State of the Networking:
My vps hosted master server still crashes every couple days, but Zumwalt is has reported that he should soon have an autorestart system for it ready to go.
I now have Unity powered dedicated servers beautifully integrated into my game - complete with fully automated connection initialization and load balancing. Unfortunately, although implementing dedicated servers has greatly increased the reliability of connecting to servers and and the average speed of packet transfers in my game, these advantages have been more than counterbalanced by a dramatic increase of the bug where NetworkViews refuse to serialize.
I can state with certainty that the bug always occurs between a non authoritative server and certain random connected clients (the packets always reach the server from the authoritative client instance correctly). This bug only affects NetworkView serialization - not RPCs, which always get transmitted correctly. This bug is also asymmetrical: The player who joined the server earlier generally can’t receive serialized views from players who joined later, but the latter players can almost always receive views reliably from the players that were in the server when they joined. If the earlier player exits and rejoins the server, the issue is reversed. And finally, the bug is highly selective: just because your client isn’t receiving the NetworkView packets from a given player doesn’t mean that other clients aren’t. From my experience, half or so of the players in each game can receive updates from everyone (even players who joined after them), and the other half only receive updates from players that were in the server before they joined it.

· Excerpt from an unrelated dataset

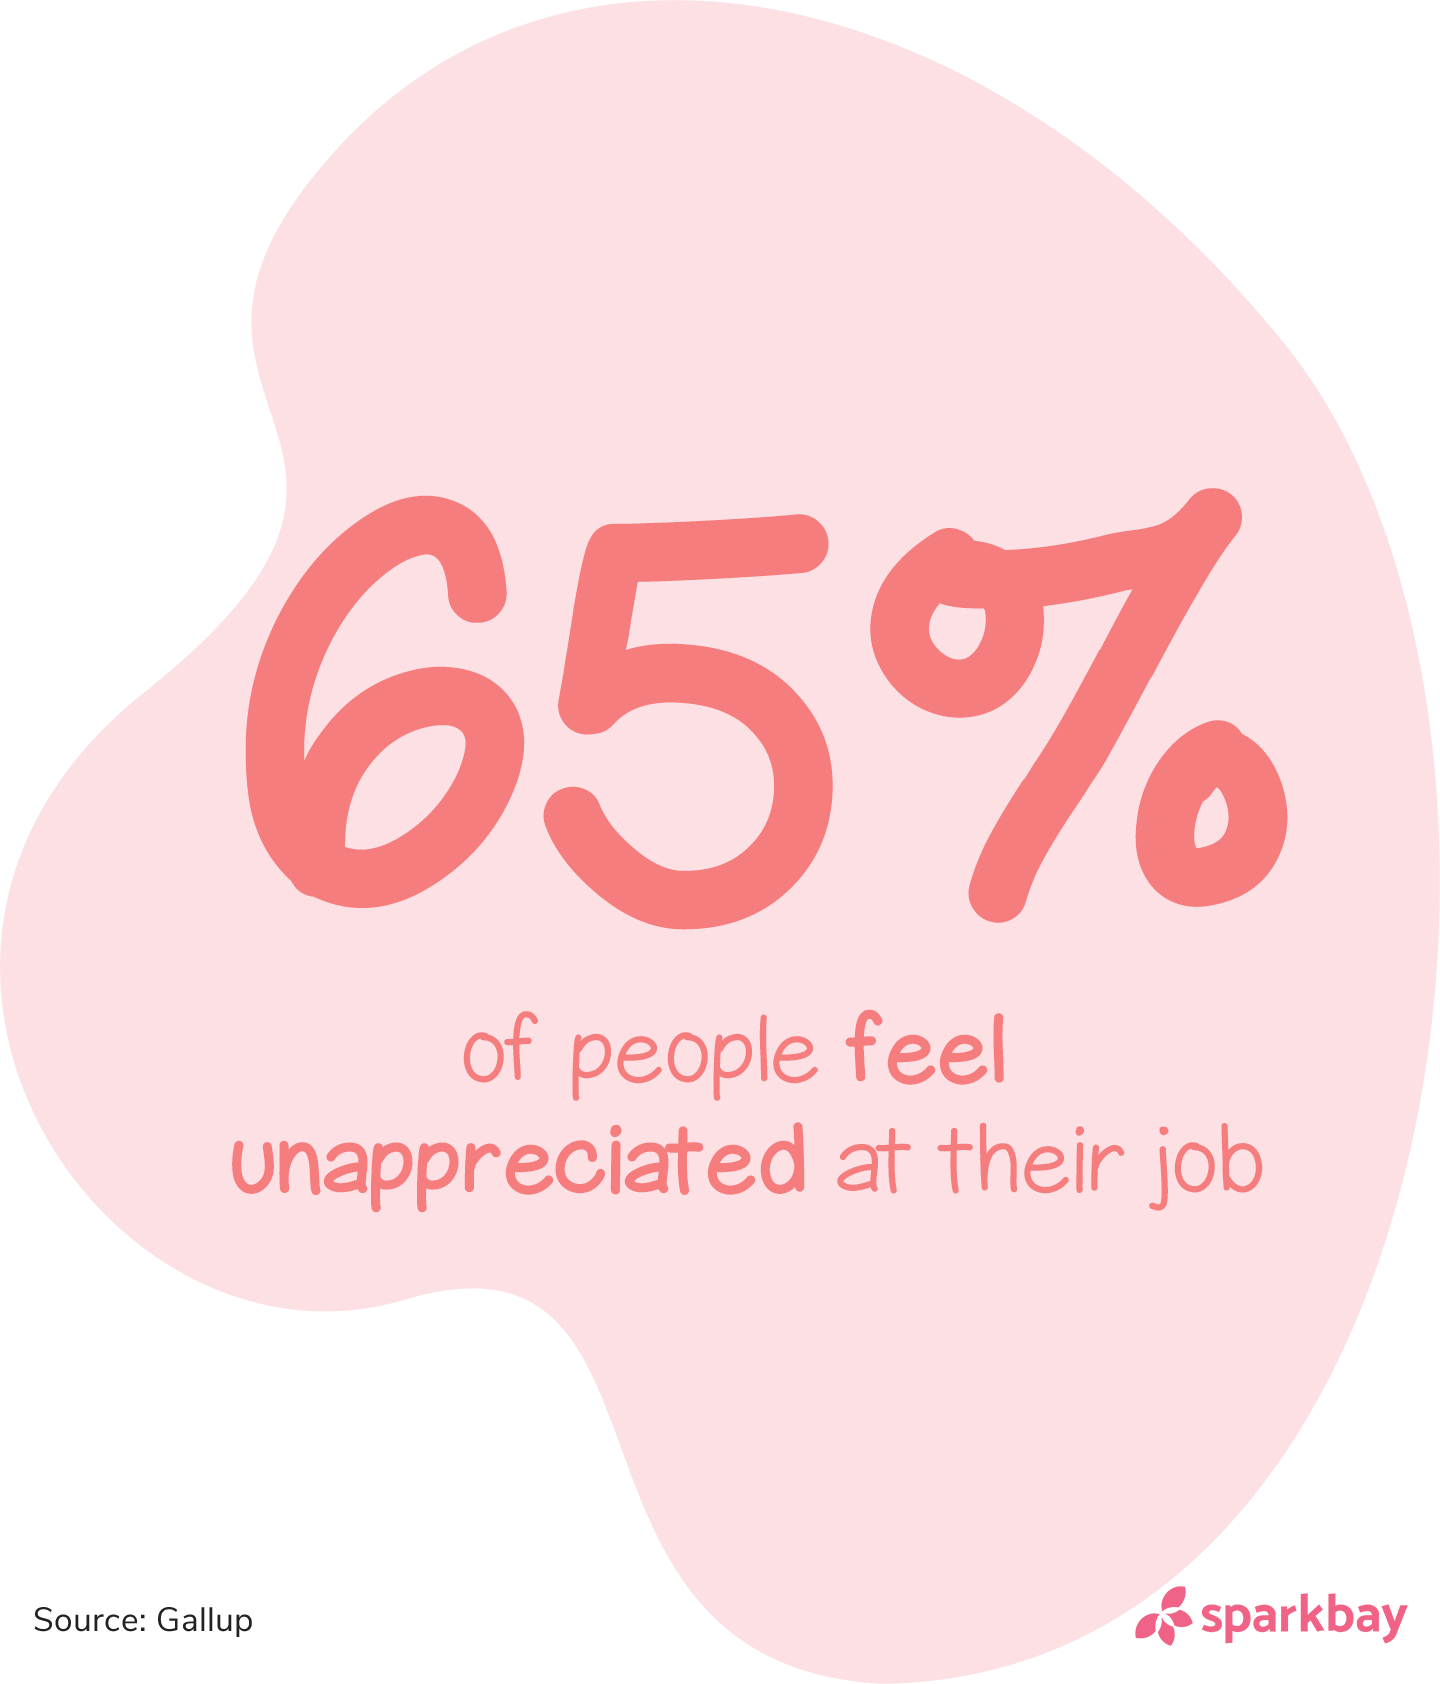 Employee recognition statistics: 65% of people feel unappreciated at their job.'

I have created a custom, super simple test project that demonstrates this bug - and sent it to Larus several weeks ago. I really don’t know where to go from here, and am starting to get pretty discouraged.
From my point of view, Unity is committing false advertising when they talk about how great their networking is. I have never seen a serious, physics enabled multiplayer fps type game that used Unity’s networking and that worked reliably. I feel like I have been some kind of test subject in a dreadful experiment - where a company releases a flawed product, claims it works great, and then provides no support when someone invests years of their life developing something with it only to find that the fundamental systems they were counting on don’t function as advertised.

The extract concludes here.